A scream tears from my chest like my soul's being ripped out. The smell—rank, sour, human—chokes me. "Eos!" A shrill voice.

Sharp, caring, distant. But it makes my insides twist. Saliva floods my throat—I gag.

Then vomit.

Into dark, shit-streaked sewer water.

I'm on fire. My skin, my veins. Boiling. My throat tears open with every scream. My face is half in blood. I must look like a corpse. Pale. Lifeless. I stare ahead, unblinking. The red world stares back.

A man shouts again. "Are you alright?!" But I don't respond. I can't. My mouth won't work. My head won't move. My knees are buried in blood—green blood.

And I break again.

I don't move for what feels like an age. The tears don't stop. The dam has cracked. And not because I wanted it to—but because it had to. My body remembers how to cry even if my mind forgot. I sit in it—half an hour maybe—still, trembling.

They call me twice. "Eos."

Again. "Eos."

Then silence.

They stop calling me by the name I gave myself.

I remember them now. Gene. Cham. They don't know my real name. Elliot.

The same time flows over us, but I am not them. They wait for me to rise, but I don't. I can't. I just breathe and cry.

Only when the final tear drops into the sewage, into the blood of the green, does my heart begin to stir.

Only then do I see it—my right arm is gone.

A sharp pang. Disbelief. Horror.

Gone.

Just gone.

Beside me, a creature—massive. Its limbs are thicker than mine, and half its torso is missing. Its insides spill out—entrails and organs and maggots feasting like workers in a tavern after long labor.

I am broken.

The tears are done.

The water has taken everything from me—drenched me, drowned me, destroyed me.

I move at last, slow and heavy. I look at them—Gene and Cham—two boys who still believe in something. I once called myself their god. Now I'm just this.

My gaze drops to the monster's blood—still warm. Still fresh.
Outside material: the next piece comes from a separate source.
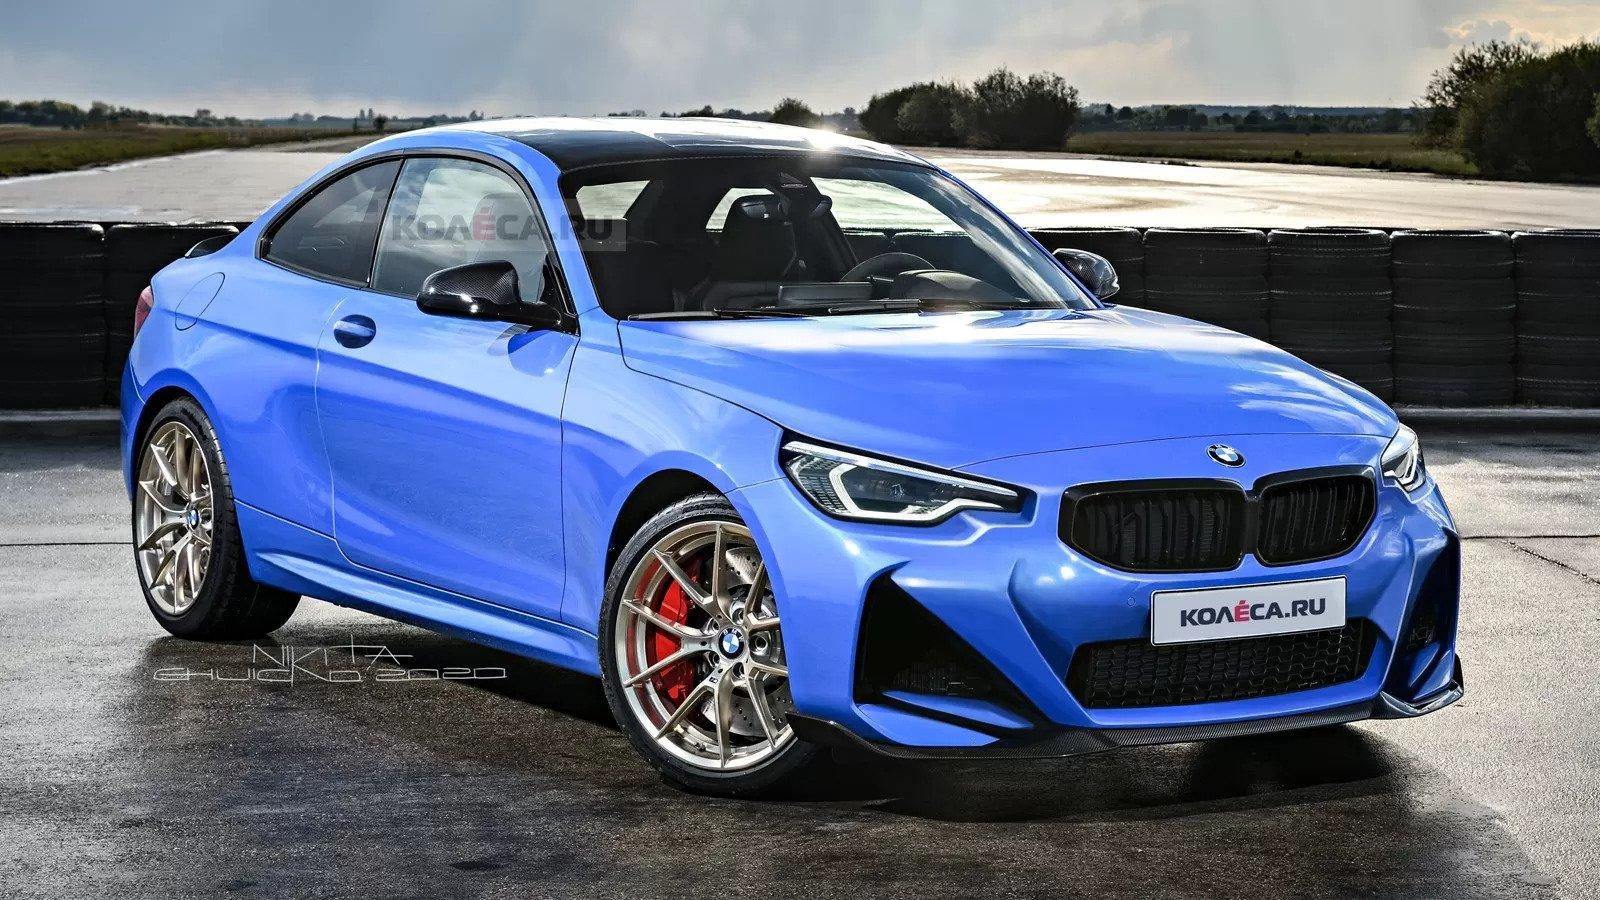 Nuova BMW M2 Coupé 2021, design in Anteprima Rendering

Then to Cham. His expression unsettles me. He doesn't look shocked or disgusted—he looks melancholy. Like he's seen too much for his age. A boy like him should be in school. Chasing grades. Laughing. Like Ren once did.

Ren.

That means the void… was only seconds here? Minutes?
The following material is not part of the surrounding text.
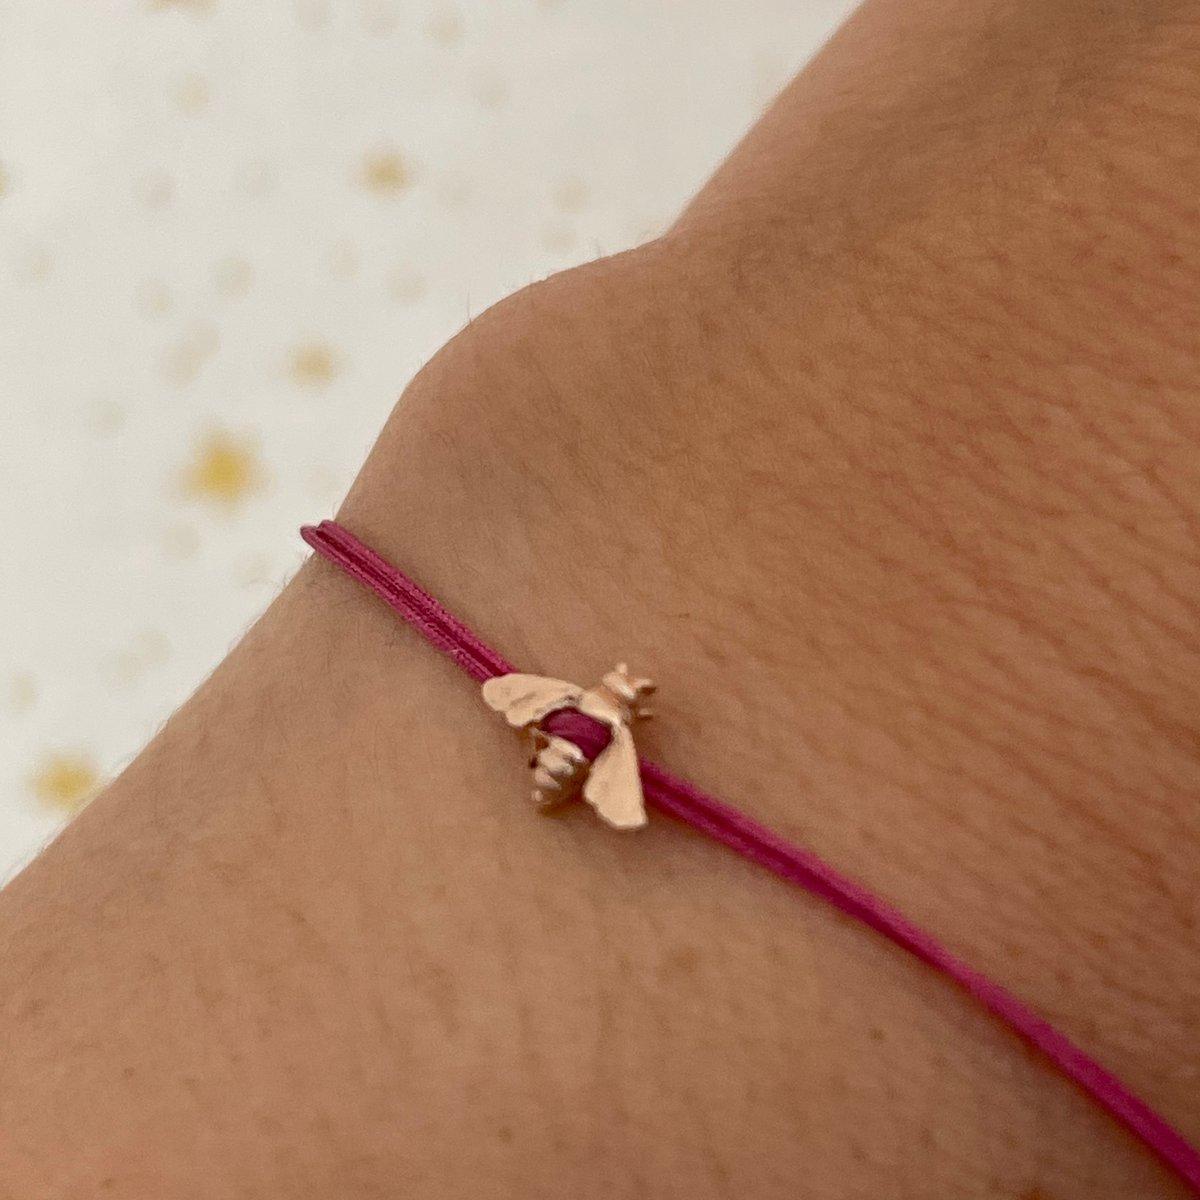 Image of gold bee bracelet

A hollow sigh leaves me. My eyes are dead oceans now. The water is gone. Only the red remains. Maybe that's rage. Maybe that's life.

I turn.

My body shifts. I feel my right arm reach forward—only to remember it's not there.

Phantom pain stabs at me. Sharp. Lasting. My jaw clenches. My left hand rises to my ear—half of its gone too.
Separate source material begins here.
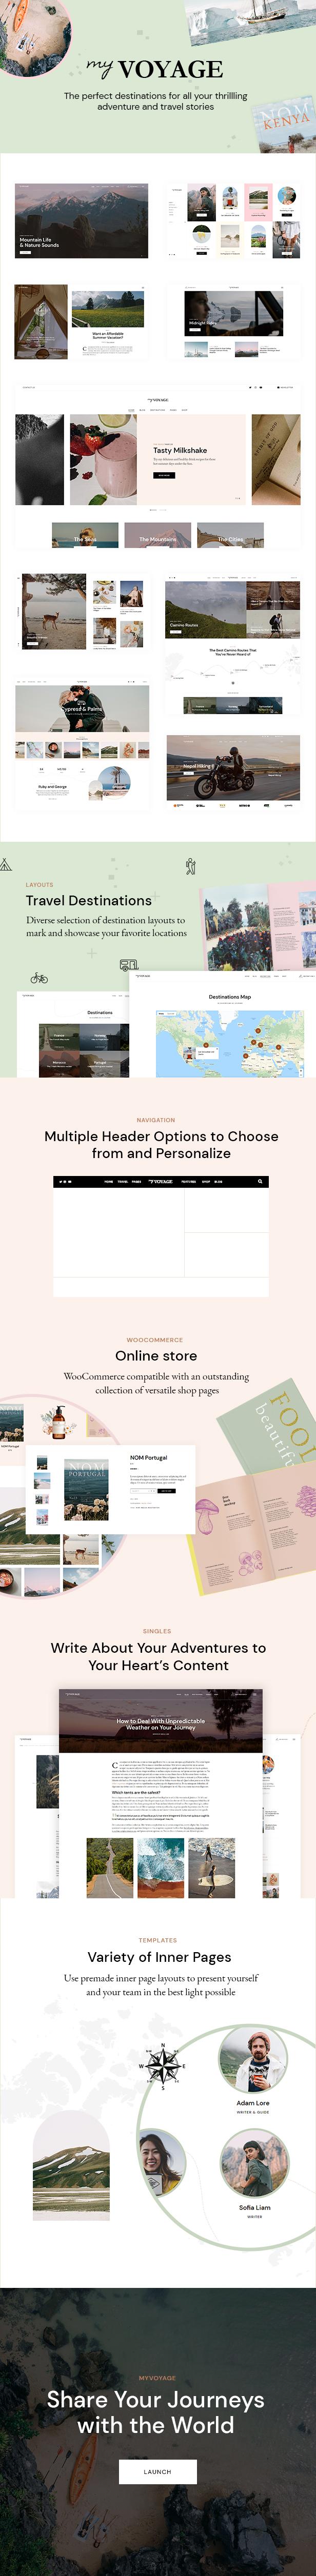 MyVoyage - Travel Blog WordPress Theme - 3

Lucky it wasn't my entire head.

Gene smiles—still trying to pretend things can be normal—but Cham doesn't. He just watches, sorrow heavy in his gaze. I lean forward, drooling slightly as blood steams off my soaked body.

I need blood.

Only one thought guides me now.

I move toward the corpse.

No resistance. No strings pulling me back. Only light. Only the red.

My hand touches the surface of the pooled blood. The heat—the power—it calls me. My lips lower. I drink.

Sweetness hits my tongue like honey laced in copper. A metallic aftertaste, but I gulp greedily. A maggot slips in. I feel it crawl down my throat.

I don't care.

I need it. Now.

For the future.

Everything fades—the void, the darkness, the pain. I don't think. I feed. And with each swallow, I feel it—the rush.

The surge in my veins. The boiling. The fury.

This is what it feels like to be alive.

This is the power—the curse—the cycle. I have nothing to lose. And everything left to take.

I keep drinking. The blood bubbles on my tongue. My body soaks in the strength. I bite down. Flesh tears. I don't stop.

Then a voice. Real. Sharp.

"Eos."

My eyes fly open. My head snaps back from the offal.

Blood stains my chin. My heart pounds. My mind collapses.

I vomit—hard. It splatters against Gene's trousers. He flinches back—too slow. The next wave comes fast. My stomach contracts again, wringing itself dry.

Then I see him.

Cham.

Still watching. Still silent. A single tear runs down his cheek.

He doesn't wipe it.

A memory, maybe. Family? Friends?

I don't know enough about them.

I vomit again. Then gasp. My sight blurs. When I blink, Cham's tear is gone.